Mixed martial arts record
- Total: 53
- Wins: 38
- By knockout: 14
- By submission: 18
- By decision: 6
- Losses: 14
- By knockout: 9
- By submission: 4
- By decision: 1
- Draws: 1

Other information
- Mixed martial arts record from Sherdog

= Nick Thompson (fighter) =

American mixed martial arts fighter

Nicholas Delton Thompson (born June 23, 1981) is a retired American mixed martial artist. A professional from 2003 until 2011, he competed for the Ultimate Fighting Championship (UFC), Strikeforce, Bellator Fighting Championships, and Bodog Fight.
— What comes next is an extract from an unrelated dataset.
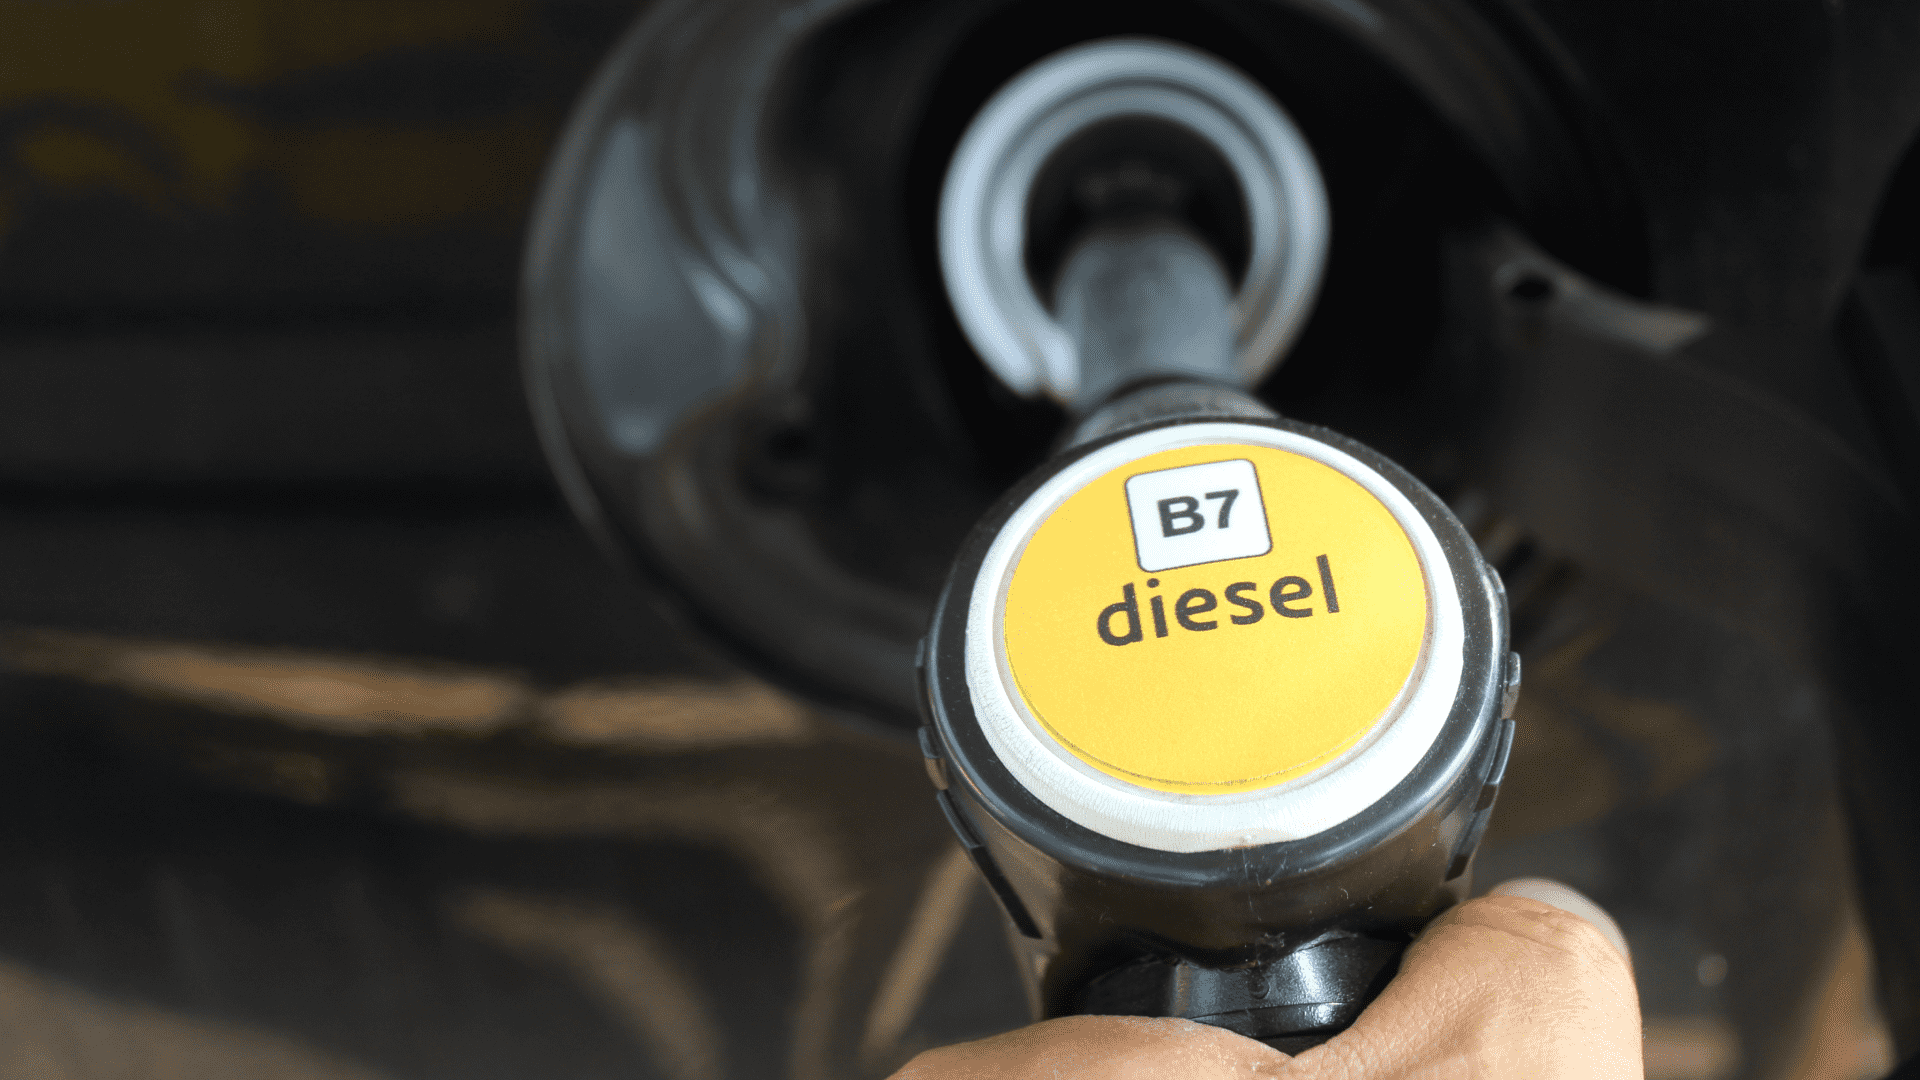 Lohnt sich Diesel noch? Warum es oft vom DPF abhängt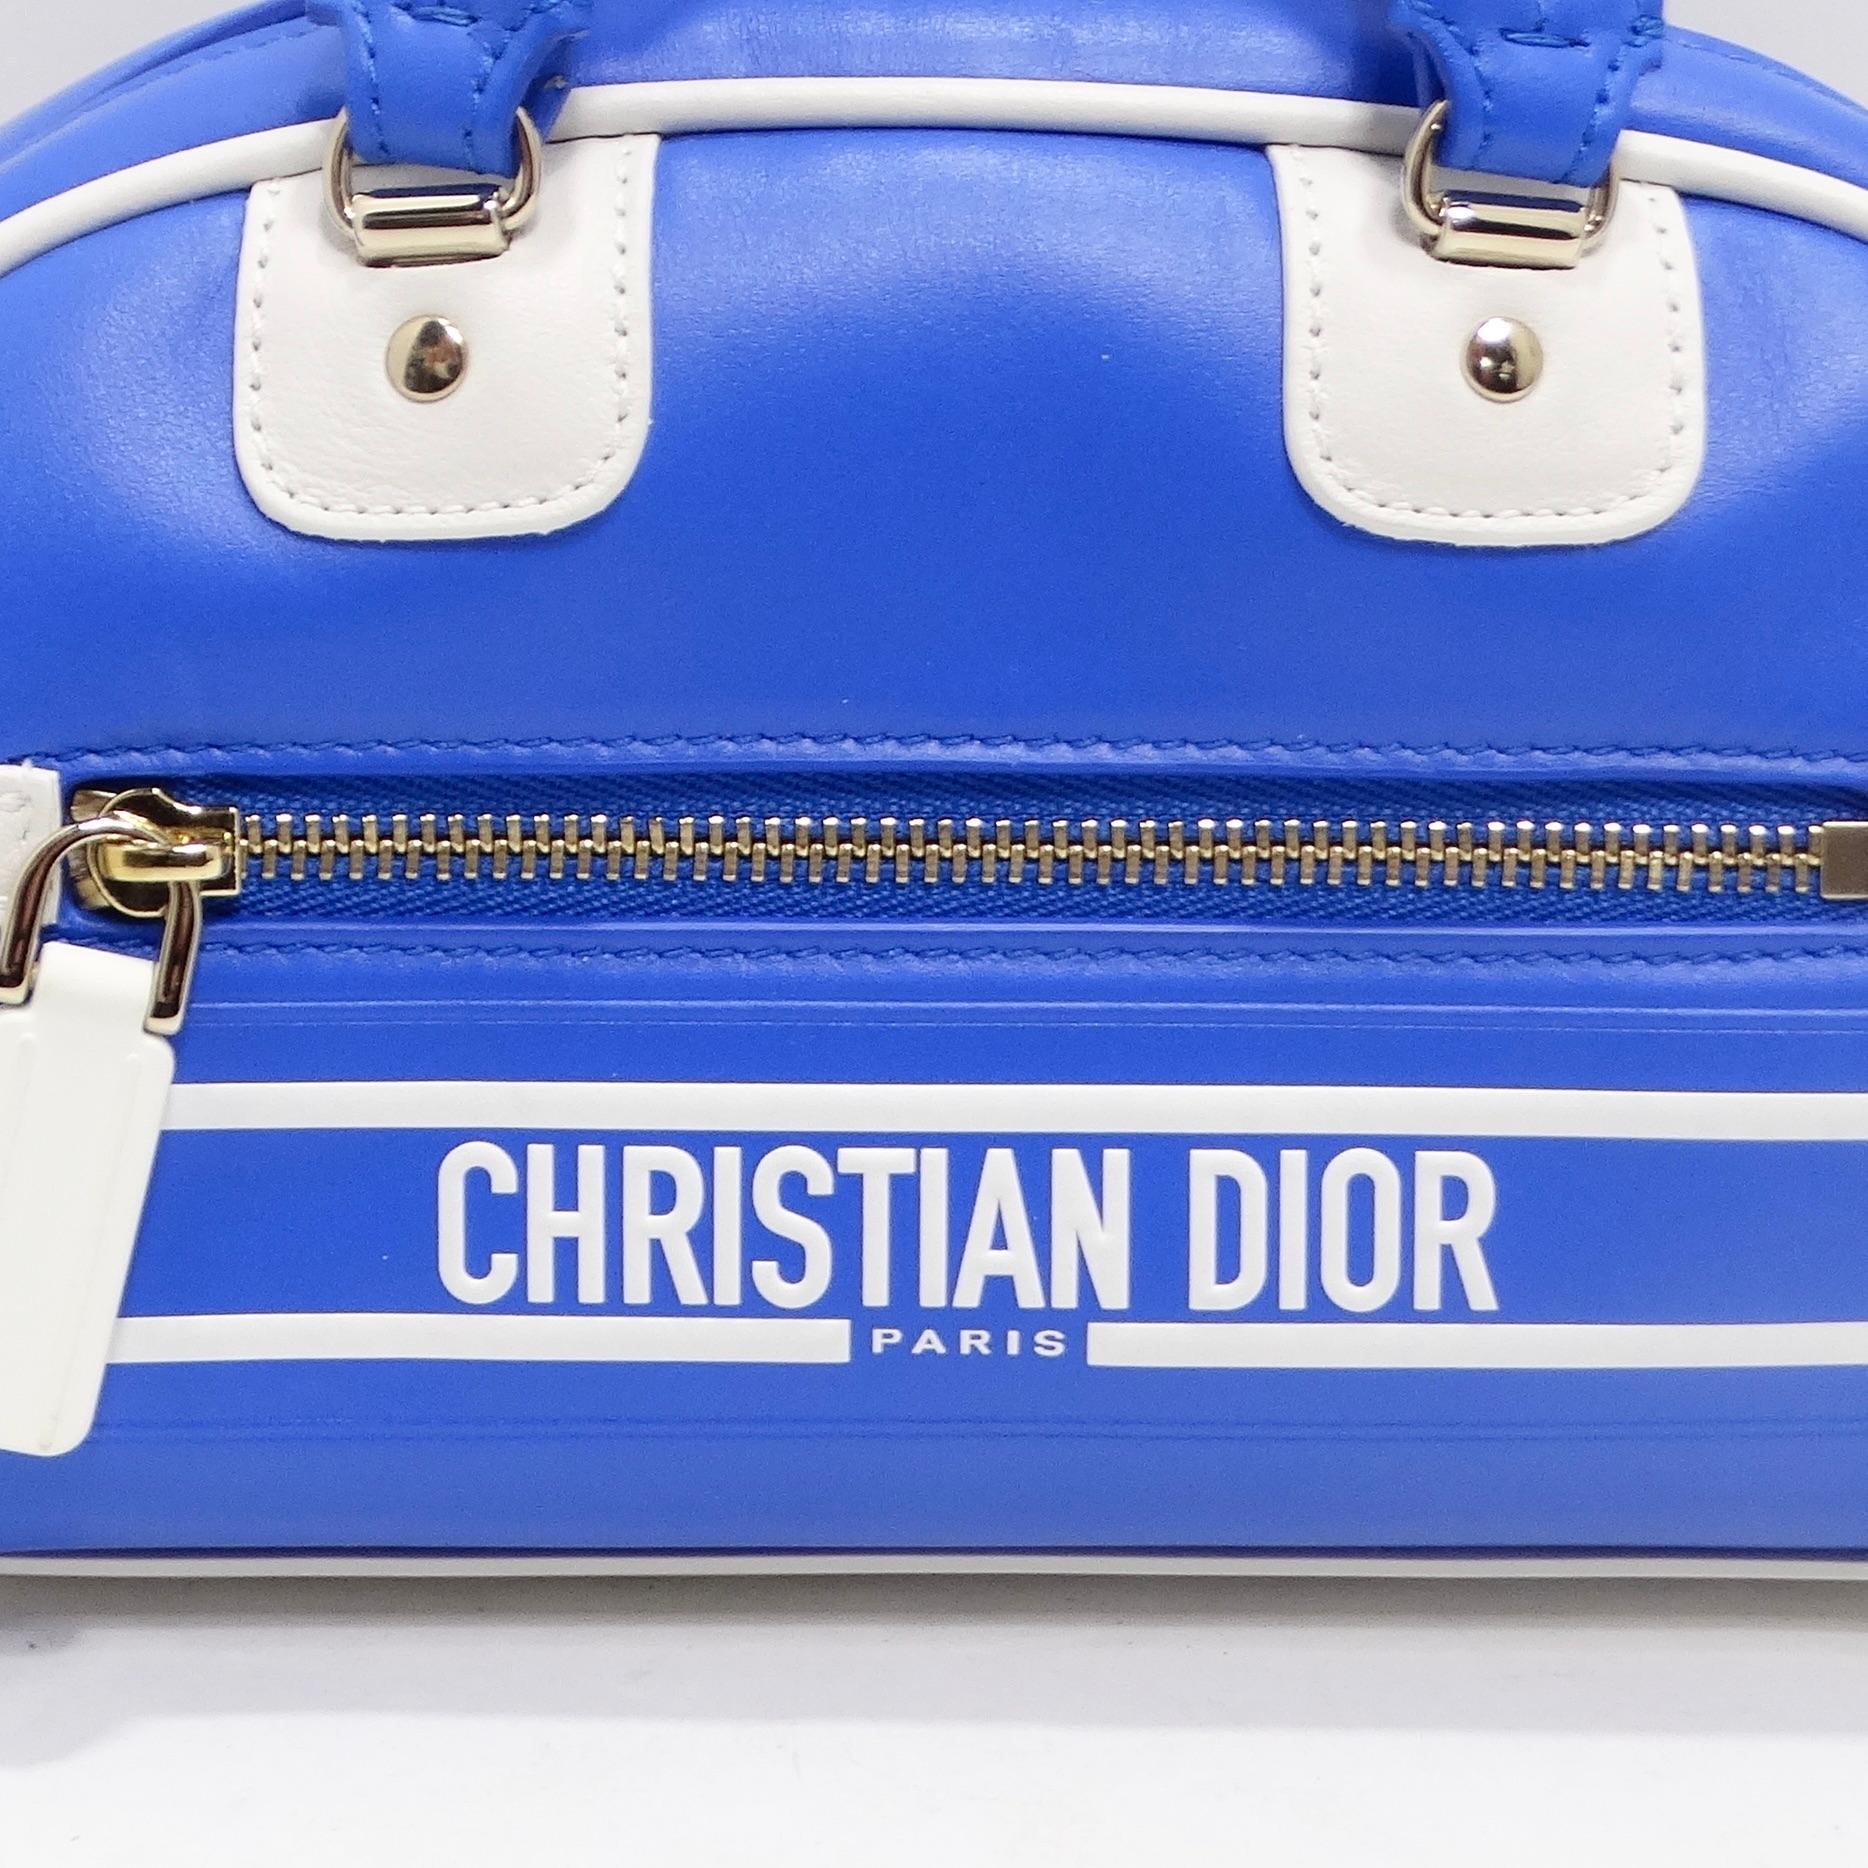 Voici le sac bowling Christian Dior Micro Vibe Zip en cuir bleu électrique - une véritable incarnation du luxe et du chic sportswear issue du défilé de l'été 2022. Ce chef-d'œuvre de taille micro met en valeur l'esprit couture de Maria Grazia

He is the former Bodog Fight Welterweight Champion.

==Background==
While attending college, Nick wrestled at the University of Wisconsin from 2000–2002. He then began training with coach Dave Strasser at Dave Strasser’s Freestyle Academy in Kenosha, Wisconsin. While there, he trained with manager Pat O'Malley, Ron Faircloth, Nick Agallar, and Brian Geraghty.
In 2005, Nick moved to attend the University of Minnesota Law School. He began training under coach Greg Nelson at Minnesota Martial Arts Academy. Nelson is closely affiliated with Erik Paulson, founder of Combat Submission Wrestling.
While there, Nick trained with fighters Sean Sherk, Brock Lesnar, Brock Larson, Nik Lentz, Derrick Noble, Paul Bradley, and Kaitlin Young. Thereafter, he was awarded a black belt in jiujitsu by James Peterson.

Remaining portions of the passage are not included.